Thinking About Latent Positions Geometrically¶
You can also think about this stuff geometrically. The dot product between any two vectors \(u_i\) and \(u_j\), geometrically, is their lengths multiplied together and then weighted by the cosine of the angle between them. Smaller angles have cosines close to 1, and larger angles have cosines close to 0. So, nodes whose latent positions have larger angles between them tend to have lower edge probabilities, and nodes whose latent positions have smaller angles between them tend to have higher edge probabilities.

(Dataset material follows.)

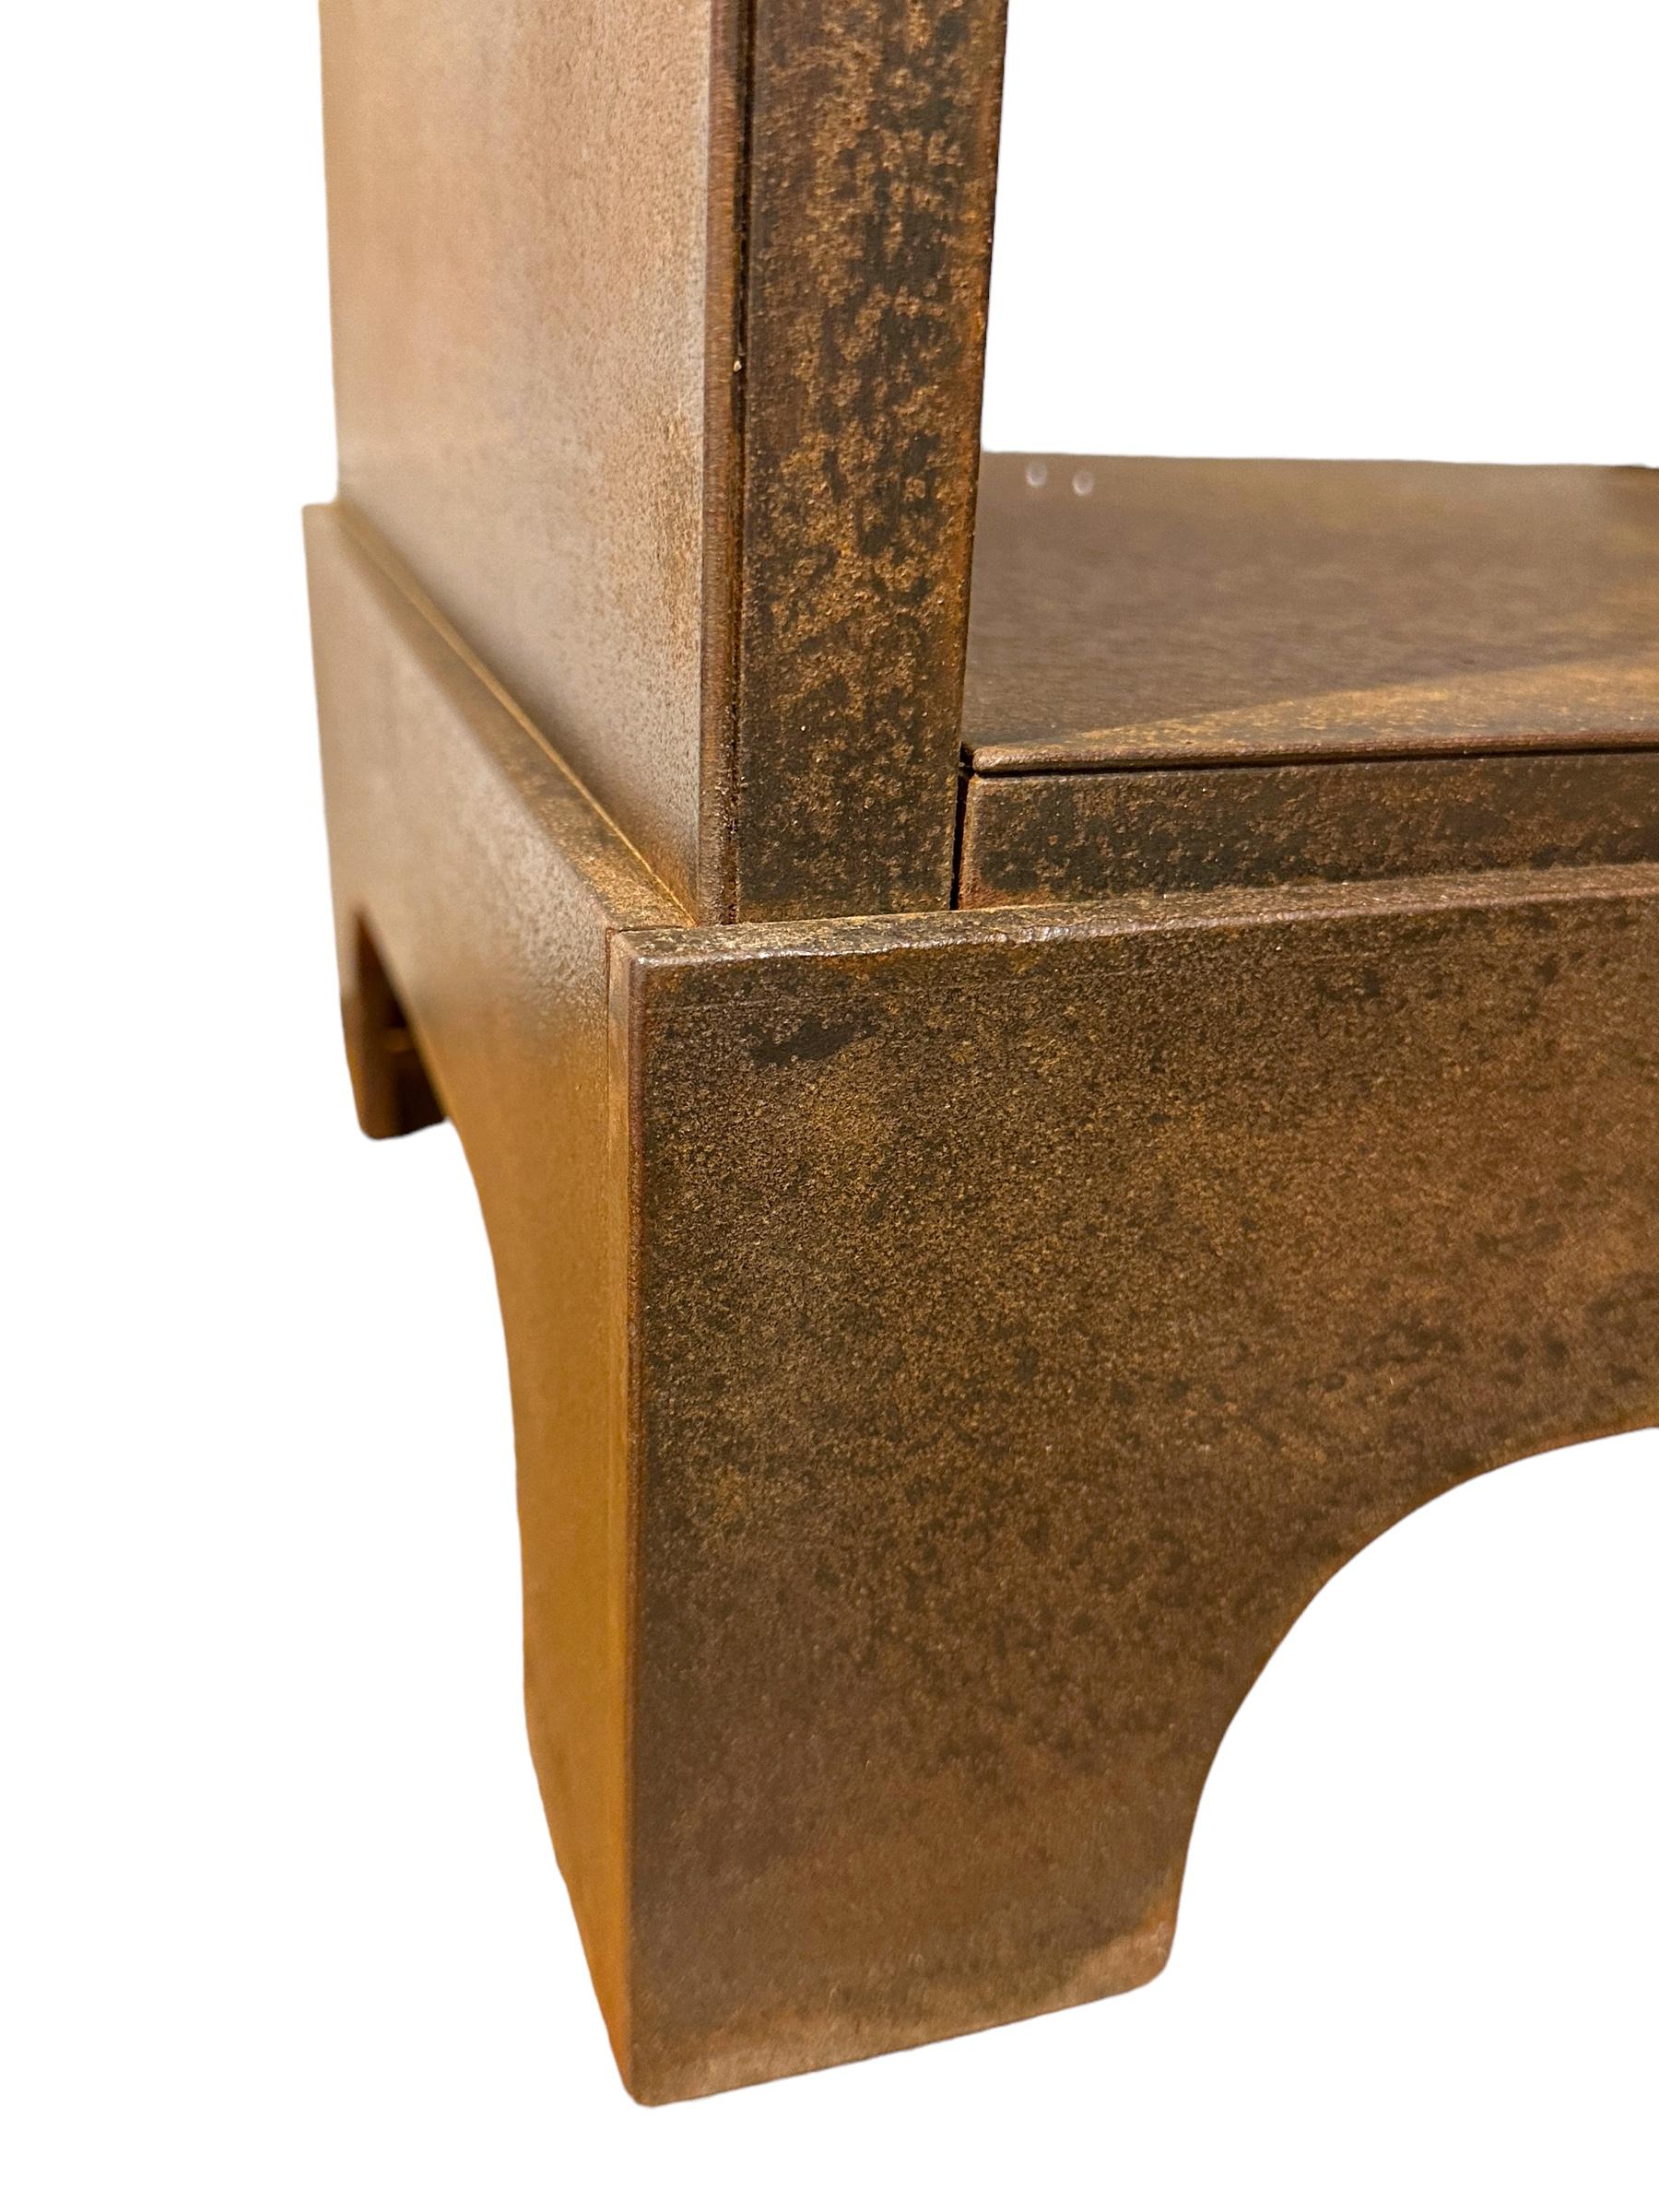 Shaker Jim Rose - Repurposed Steel Bookcase in Natural Rusted Patina, Art Furniture For Sale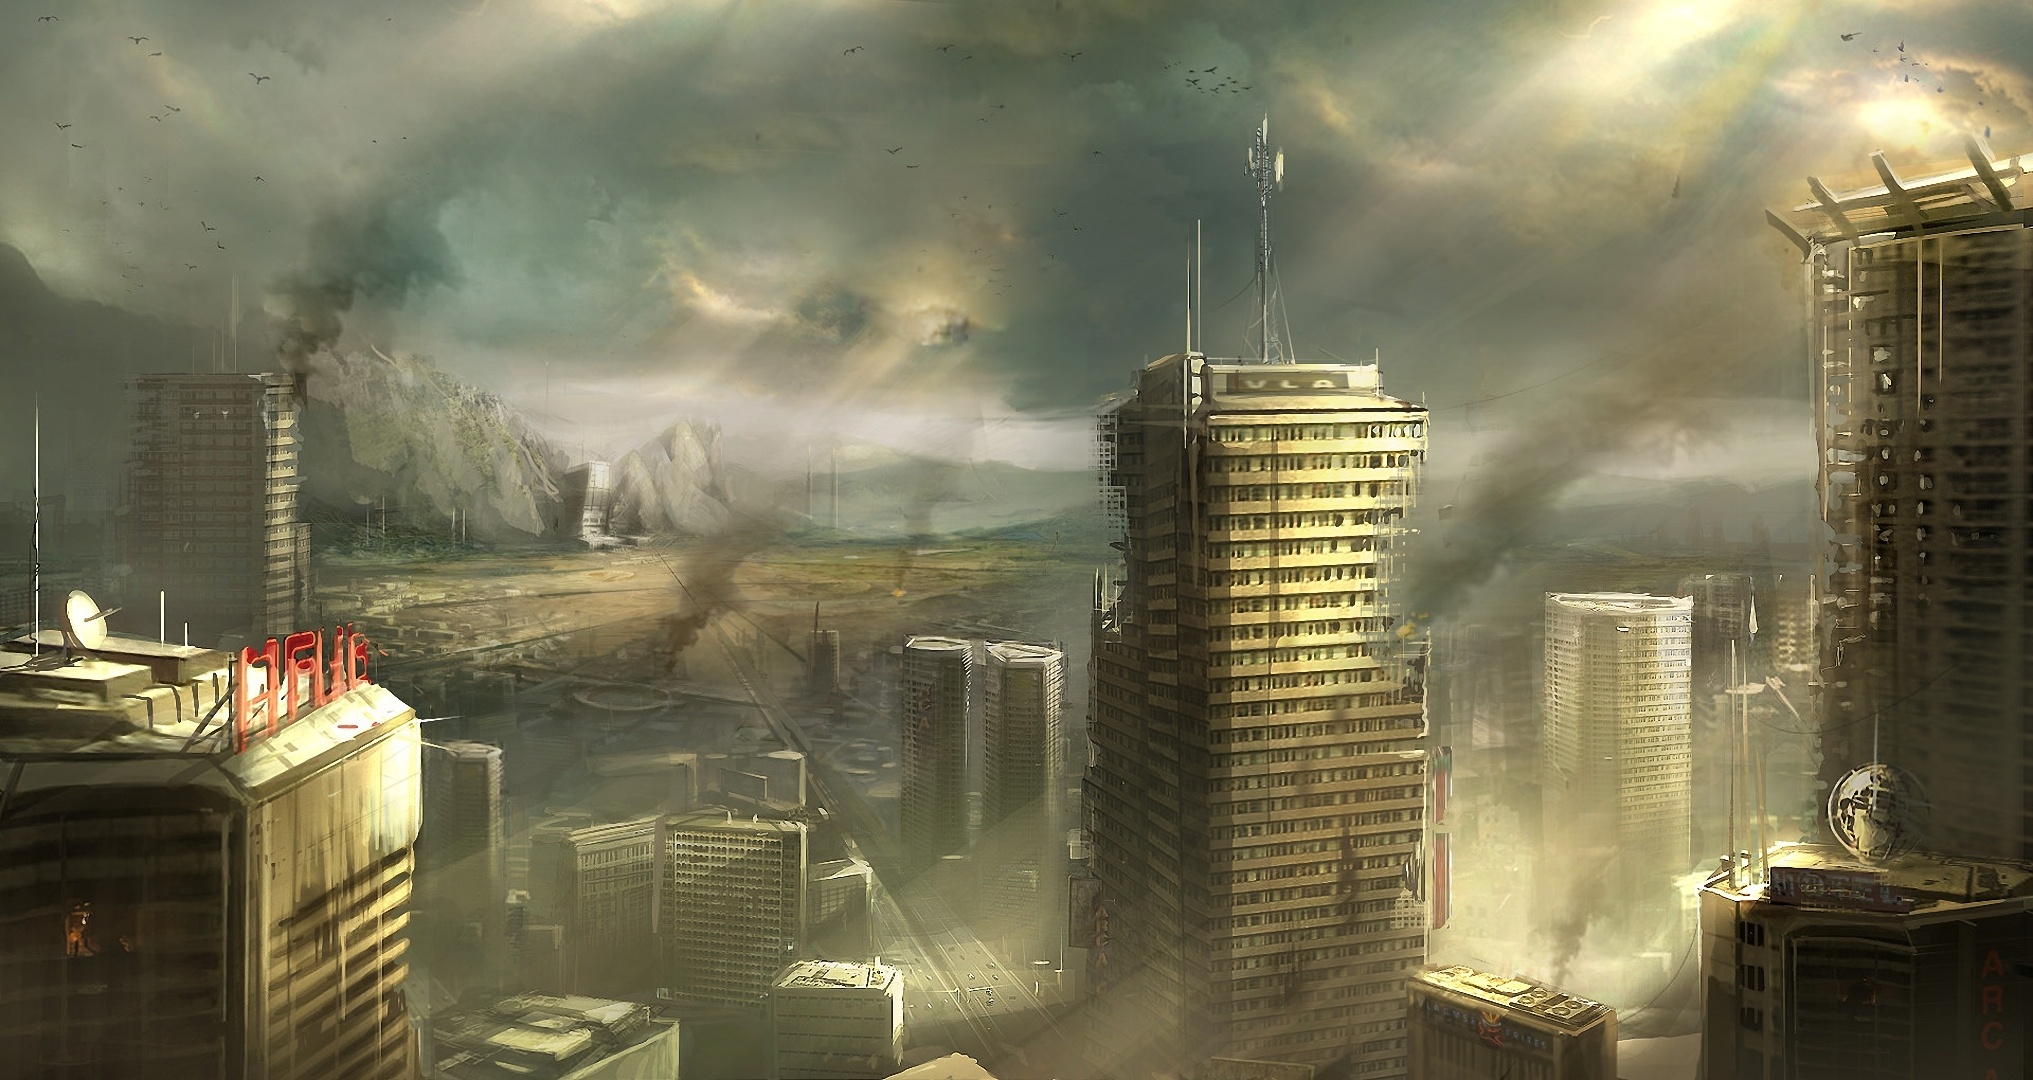 Destroyed Anime City Background

This is the core intuition you need to understand why you can find communities and do downstream inference with latent position matrices: two nodes whose latent positions are further apart will have a smaller probability of having an edge between them!
import matplotlib.patches as patches
fig, axs = plt.subplots(1, 2, figsize=(20, 10))
####### First Ax
# background plot
ax = axs[0]
plot = sns.scatterplot(
x=X[:, 0],
y=X[:, 1],
hue=labels,
s=80,
ax=ax,
palette="tab10",
color="k",
)
ax.spines['left'].set_position('zero')
ax.spines['right'].set_color('none')
ax.spines['bottom'].set_position('zero')
ax.spines['top'].set_color('none')
ax.xaxis.set_ticks_position('bottom')
ax.yaxis.set_ticks_position('left')
ax.set_xlim([-1.2, 1.2])
ax.set_ylim([-1.2, 1.2])
# plot vector arrows
u_i = X[0]
u_j = X[-1]
ax.arrow(0, 0, u_i[0], u_i[1], head_width=0.03, head_length=0.03, fc='lightblue', ec='black')
ax.arrow(0, 0, u_j[0], u_j[1], head_width=0.03, head_length=0.03, fc='orange', ec='black')
# Text and text arrow
style = "Simple, tail_width=0.5, head_width=4, head_length=8"
kw = dict(arrowstyle=style, color="k", alpha=.3)
text_arrow = patches.FancyArrowPatch((0.2, 0.15), (.05, .01), connectionstyle="arc3, rad=.2", **kw)
txt = r"""
angle close to 90°, cos(angle) close to 0, so
dot product = probability of edge smaller
"""
ax.text(0.22, 0.07, txt)
ax.add_patch(text_arrow)
ax.set_title("Latent Positions In Different Communities \nHave A Lower Dot Product", y=1.05, fontsize=22);
####### Second Ax
ax = axs[1]
plot = sns.scatterplot(
x=X[:, 0],
y=X[:, 1],
hue=labels,
s=80,
ax=ax,
palette="tab10",
color="k",
)
ax.spines['left'].set_position('zero')
ax.spines['right'].set_color('none')
ax.spines['bottom'].set_position('zero')
ax.spines['top'].set_color('none')
ax.xaxis.set_ticks_position('bottom')
ax.yaxis.set_ticks_position('left')
ax.set_xlim([-1.2, 1.2])
ax.set_ylim([-1.2, 1.2])
# plot vector arrows
u_i = X[-1]
u_j = X[-2]
ax.arrow(0, 0, u_j[0], u_i[1], head_width=0.03, head_length=0.03, fc='orange', ec='black')
ax.arrow(0, 0, u_j[0], u_j[1], head_width=0.03, head_length=0.03, fc='orange', ec='black')
# Text and text arrow
style = "Simple, tail_width=0.5, head_width=4, head_length=8"
kw = dict(arrowstyle=style, color="k", alpha=.3)
text_arrow = patches.FancyArrowPatch((0.2, .15), (0, 0), connectionstyle="arc3, rad=.7", **kw)
txt = r"""
angle close to 0°, cos(angle) close to 1, so
dot product = probability of edge larger
"""
ax.text(0.22, 0.07, txt)
ax.add_patch(text_arrow)
ax.set_title("Latent Positions In The Same Community \nHave A Higher Dot Product", y=1.05, fontsize=22);

If you have an estimate for the latent positions, there’s math that shows that you get a pretty good estimate for the block probability matrix as well. In practice, that’s what you’re actually doing: getting an estimate of the latent positions with spectral embedding, then using those to do more downstream tasks or estimating block probability matrices.